2007 GSA Denver Annual Meeting (28–31 October 2007)

Paper No. 11
Presentation Time: 4:15 PM

FABRIC ANALYSIS OF STRAIN PARTITIONING IN A GRANULITE FACIES SHEAR ZONE, ARUNTA INLIER, CENTRAL AUSTRALIA


GAGE, JoAnn1, GOODWIN, Laurel B.1, TIKOFF, Basil2 and KELSO, Paul3, (1)Department of Geology and Geophysics, University of Wisconsin Madison, 1215 W. Dayton St, Madison, WI 53706, (2)Department of Geoscience, University of Wisconsin Madison, 1215 W. Dayton St, Madison, WI 53706, (3)Department of Geology and Physics, Lake Superior State University, 650 W. Easterday Ave, Sault Ste. Marie, MI 49783, jgage@geology.wisc.edu

Deformation in granulite-facies shear zones is poorly understood relative to deformation at shallower crustal levels. We have studied a ~200 m wide shear zone formed at 710 ± 50 °C, at depths of 20-30 km, in the Arunta Inlier of central Australia. The area contains three main rock types whose distribution varies among structural units. Metasedimentary rocks are volumetrically subordinate; the field area is dominated by intermediate and mafic granulites.

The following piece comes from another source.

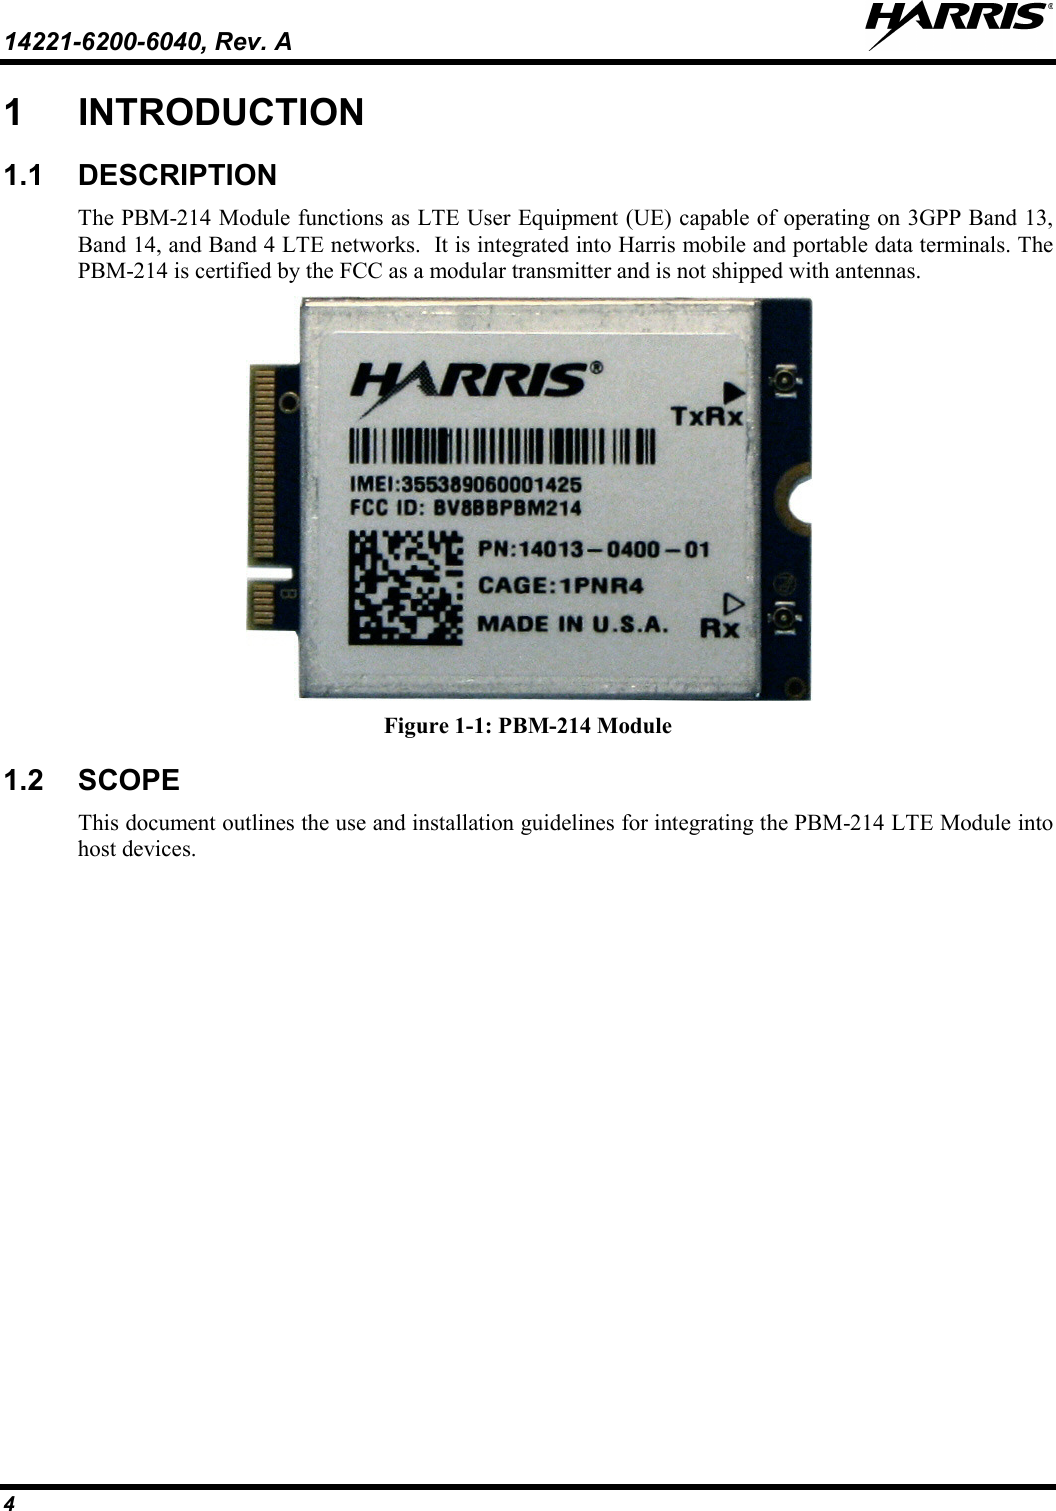 14221-6200-6040, Rev. A   4 1  INTRODUCTION 1.1 DESCRIPTION The PBM-214 Module functions as LTE User Equipment (UE) capable of operating on 3GPP Band 13, Band 14, and Band 4 LTE networks.  It is integrated into Harris mobile and portable data terminals. The PBM-214 is certified by the FCC as a modular transmitter and is not shipped with antennas.  Figure 1-1: PBM-214 Module 1.2  SCOPE This document outlines the use and installation guidelines for integrating the PBM-214 LTE Module into host devices.

Yet shear zones appear to be preferentially located in areas with both significant centimeter- to meter-scale interlayering of different lithologies and a greater volume of quartz-rich metasedimentary granulites.

Within the shear zone, compositional banding in the metasedimentary granulite is thinner, more continuous, and more planar than in less deformed areas, indicating higher strain recorded by rocks inside the shear zone. In the porphyroclastic granulite, abundant plagioclase porphyroclasts are drawn into polycrystalline ribbons. The mafic granulite, however, shows no mesoscopic signs of strain variation across shear-zone margins.

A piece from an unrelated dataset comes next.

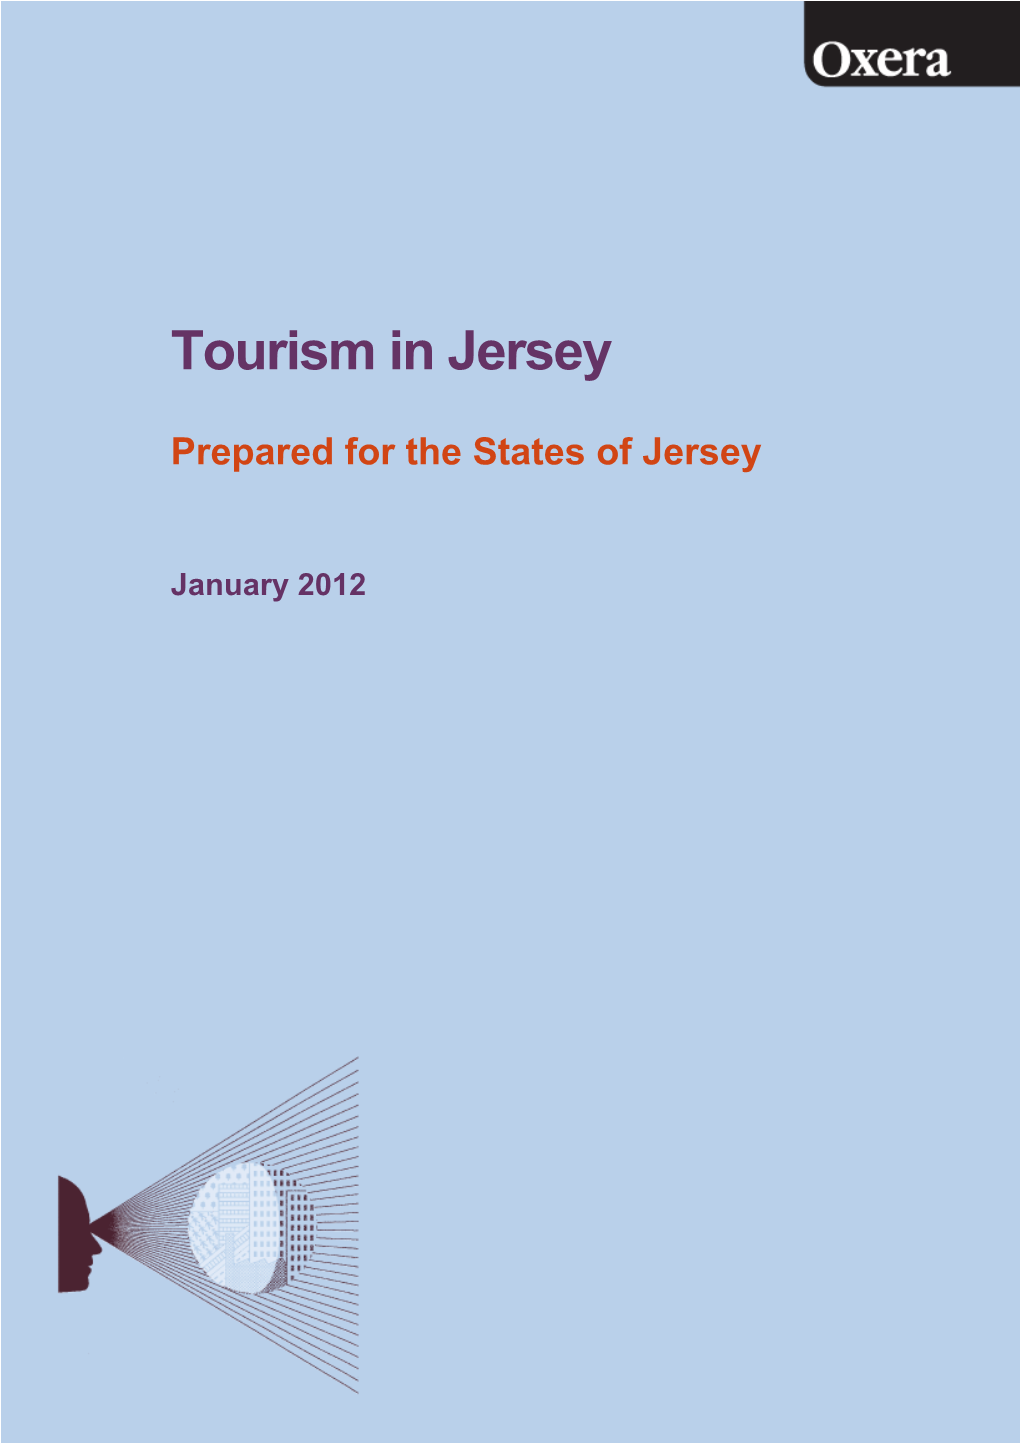 Tourism in Jersey

Fabric analyses were completed to explore the strengths and limitations of measures of finite strain in these rocks. We analyzed shape-preferred orientation (SPO), Anisotropy of Magnetic Susceptibility (AMS), and crystallographic preferred orientation (CPO). In the porphyroclastic granulite, the AMS foliation and lineation are parallel to those measured in the field and described by plagioclase SPO. In the mafic granulite, the AMS fabric is not parallel to the field foliation and lineation, although the magnitude of anisotropy is higher in the center than outside shear zones. The AMS ellipsoids of metasedimentary granulites inside the shear zone range from strongly anisotropic to nearly spherical, depending on the bulk mineralogy and distribution of magnetic phases. Field observations and the results of fabric analyses collectively suggest competency contrast is sufficient to localize deformation at granulite facies conditions and, where present, quartz plays an important role in this localization.